Benny Snell 2019 NFL Draft Prospect Profile Scouting Report
Much like Trayveon Williams, Benny Snell’s SEC counterpart, Snell started right away as a true freshmen at Kentucky. Snell was a three-star recruit out of high school but did not have a plethora of offers. Snell Jr. outplayed the incumbent Wildcats running back, Boom Williams, and lead Kentucky in carries in 2016. Snell is still ranked amongst the best running backs in the 2019 NFL Draft class but his combine performance has left me with questions about his ability to produce at the next level.

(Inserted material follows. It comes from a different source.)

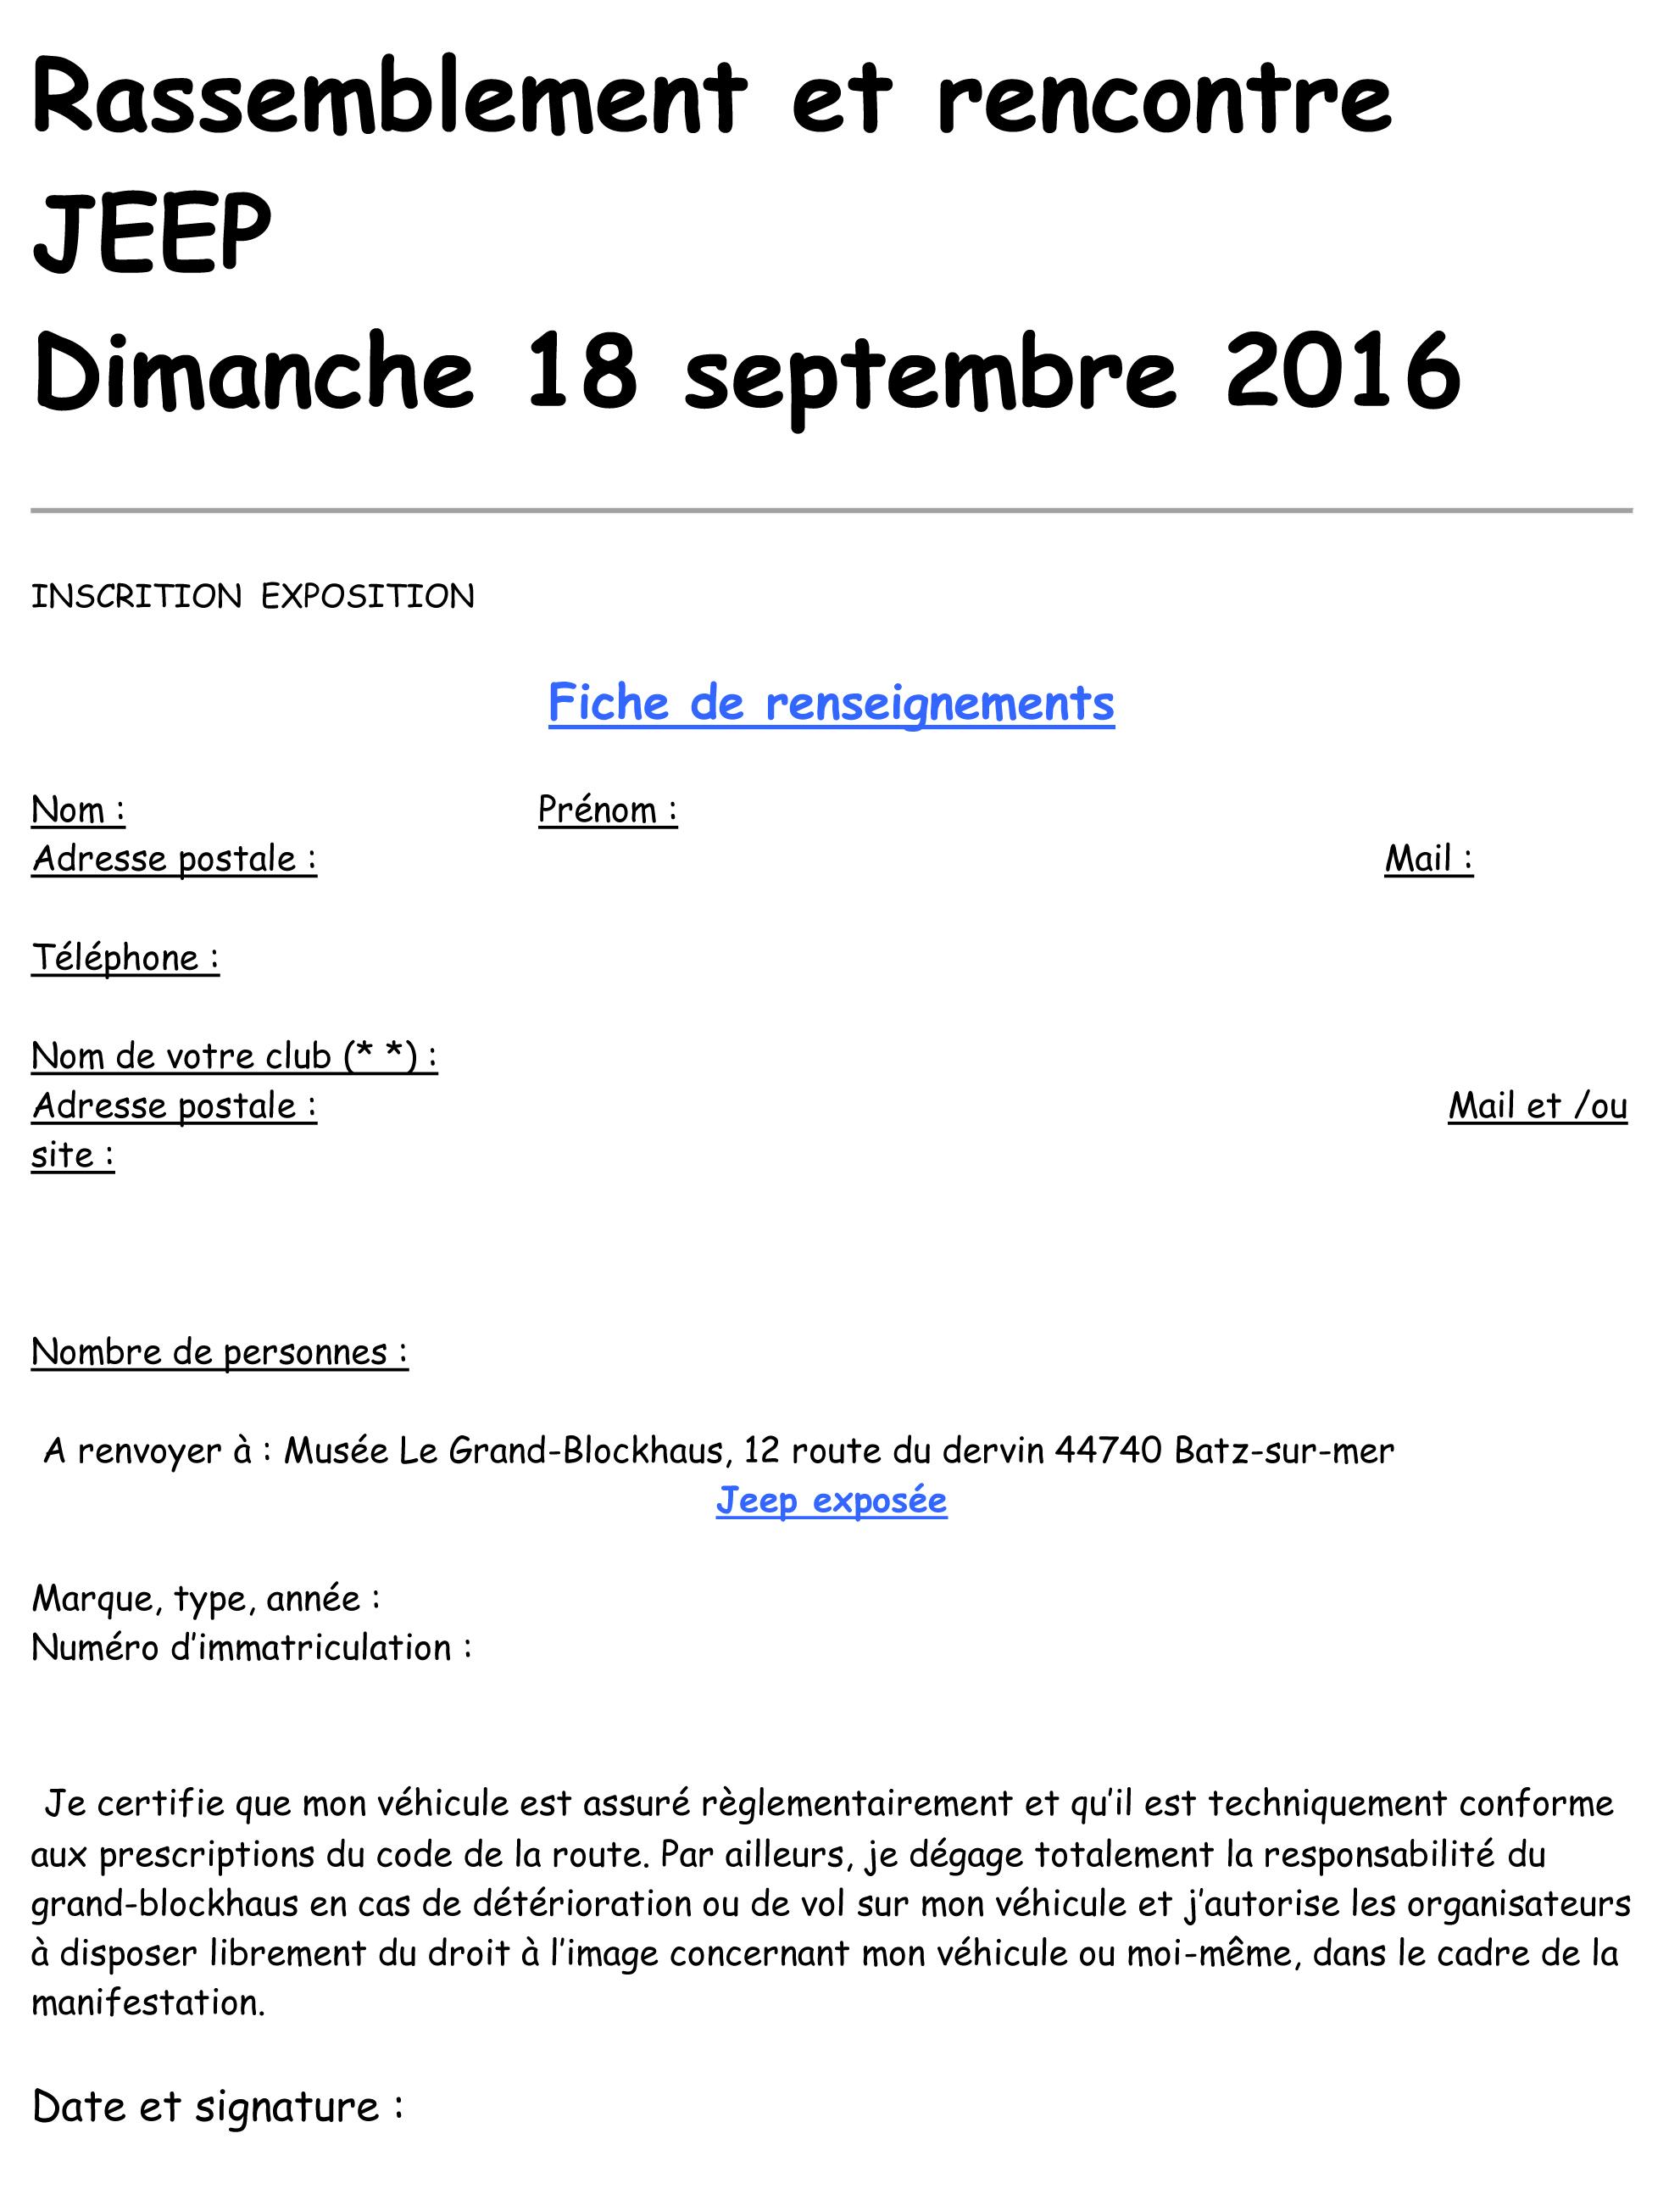 2eme rassemblement Jeep Anciennes le dimanche 18 septembre à Batz sur mer (dépt: 44) ...
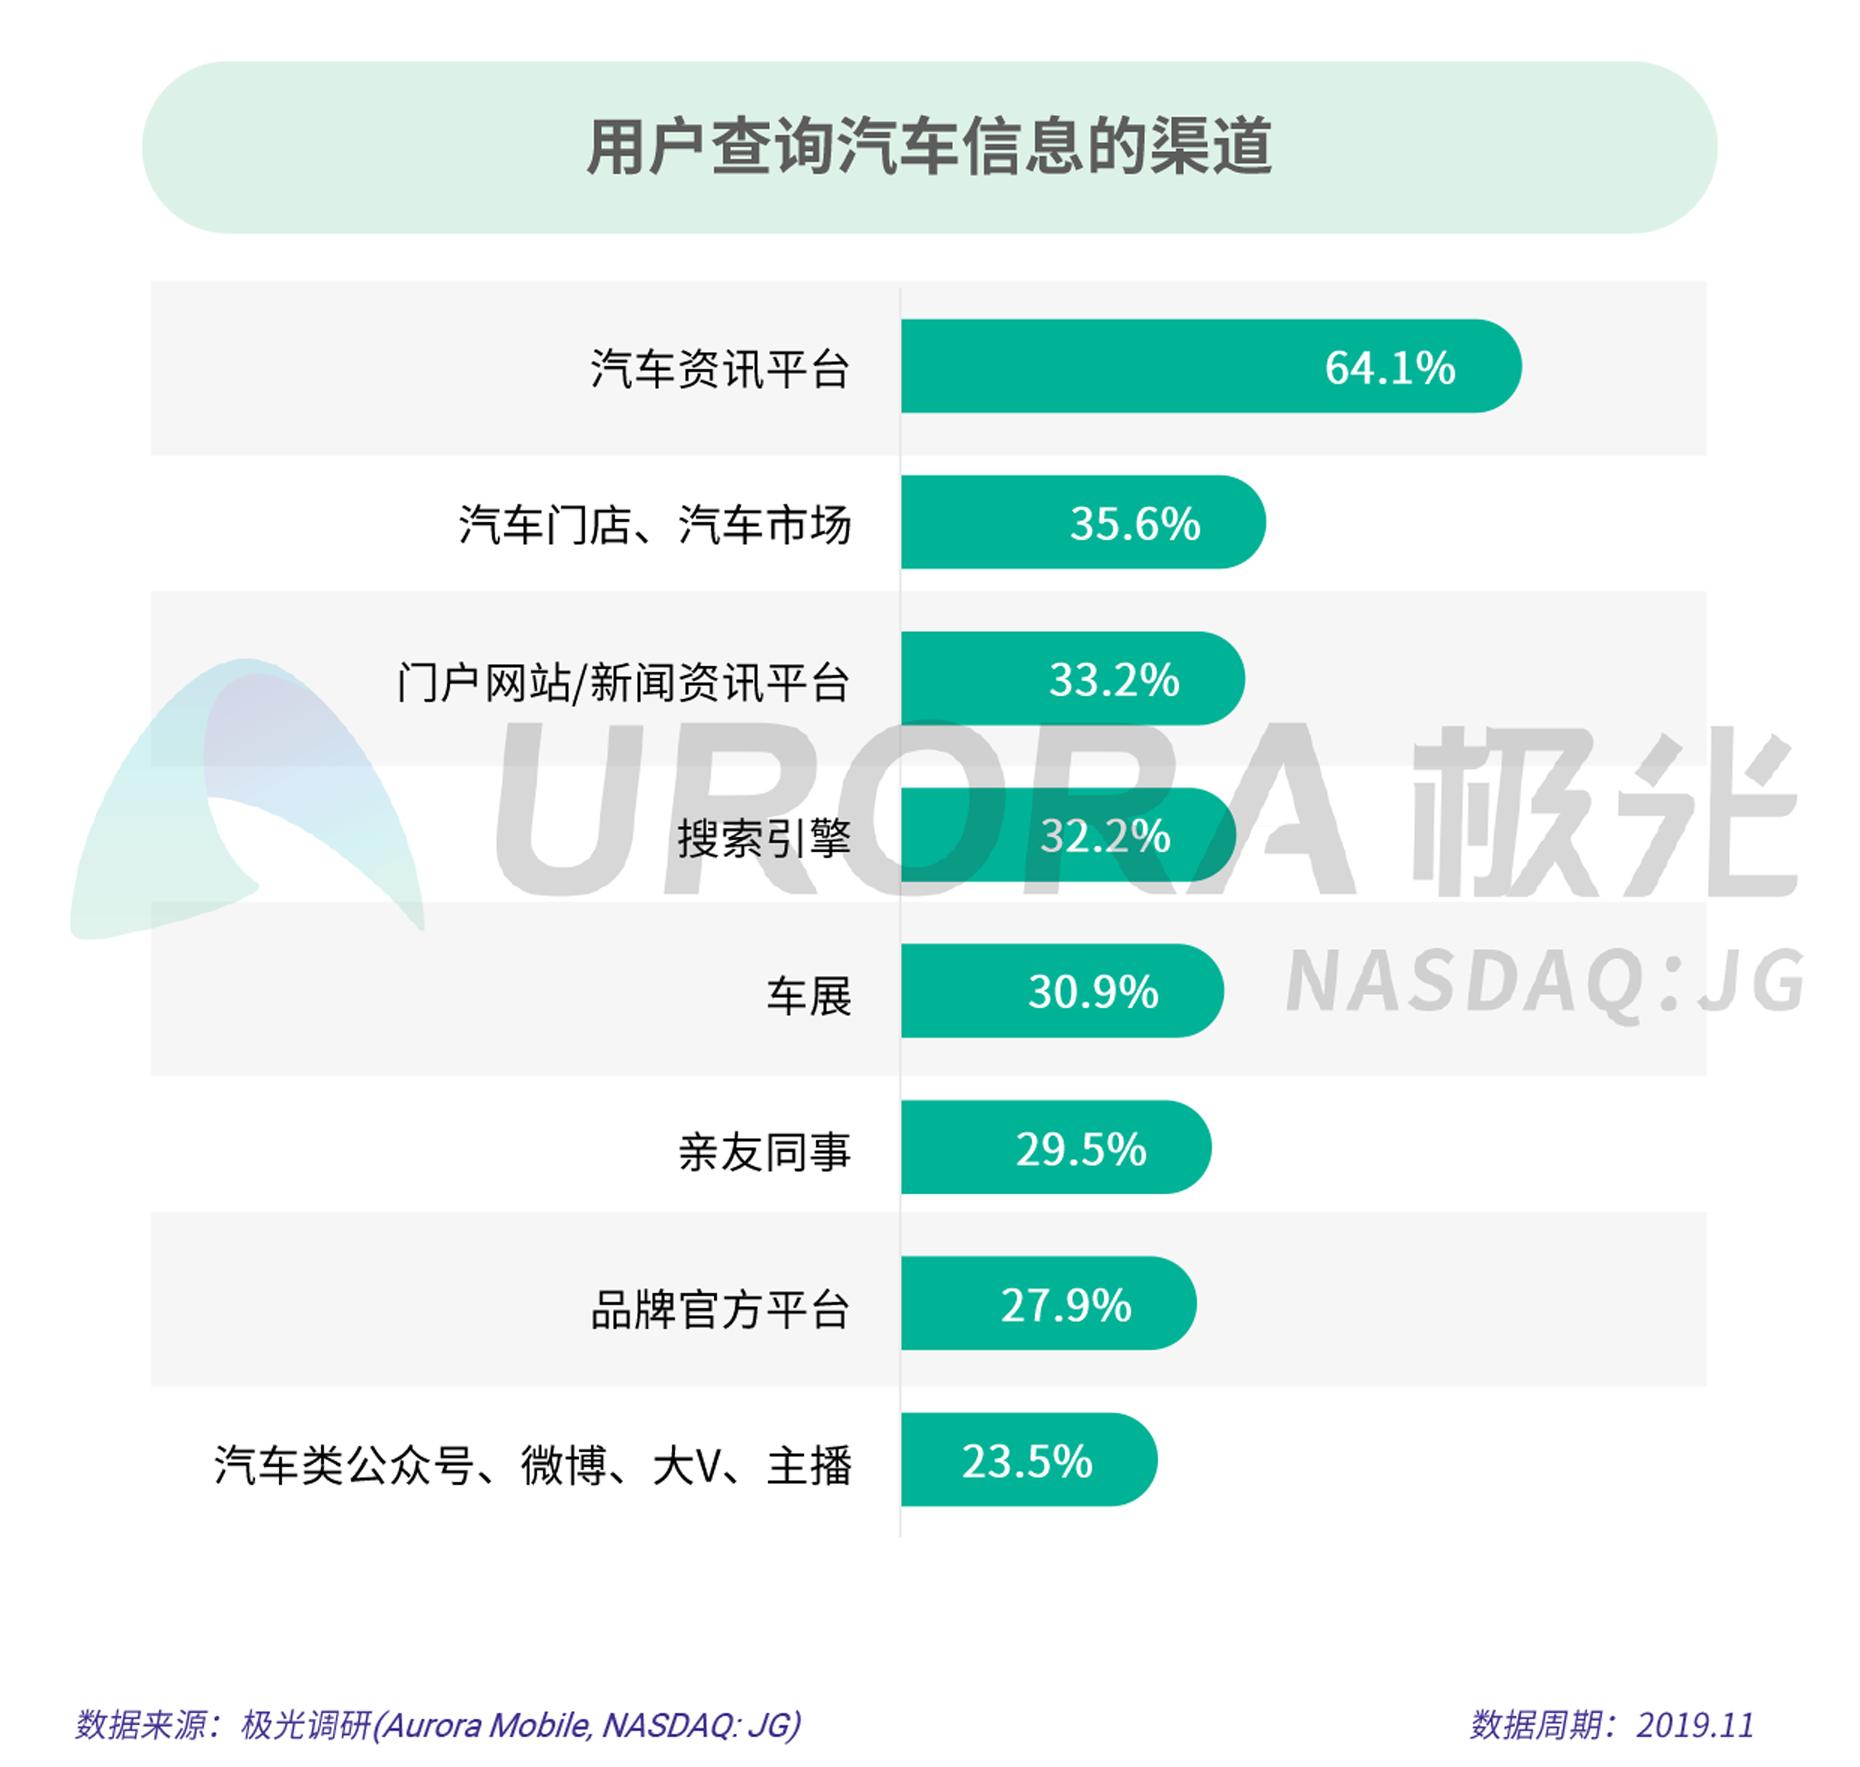 2019汽车资讯行业研究报告--审核版-13.png

After essentially splitting work with Boom Johnson in 2016, Benny Snell become the Kentucky Wildcats clear lead runner in 2017. He accounted for 67% of the teams rushing yards and TD’s while racking up 262 carries, 1,333 yards and 19 (!!!!) touchdowns. Unfortunately, Snell caught only 10 passes his entire sophomore season. This is a fairly common wart amongst the 2019 NFL running back draft class. Snell, David Montgomery, Devin Singletary and Miles Sanders all did not catch a tremendous amount of passes despite showing some aptitude for doing so. In 2017, Snell tailed only Nick Chubb and Kerryon Johnson (current NFL stud running backs) in rushing yards and had more total yards and touchdowns than Chubb.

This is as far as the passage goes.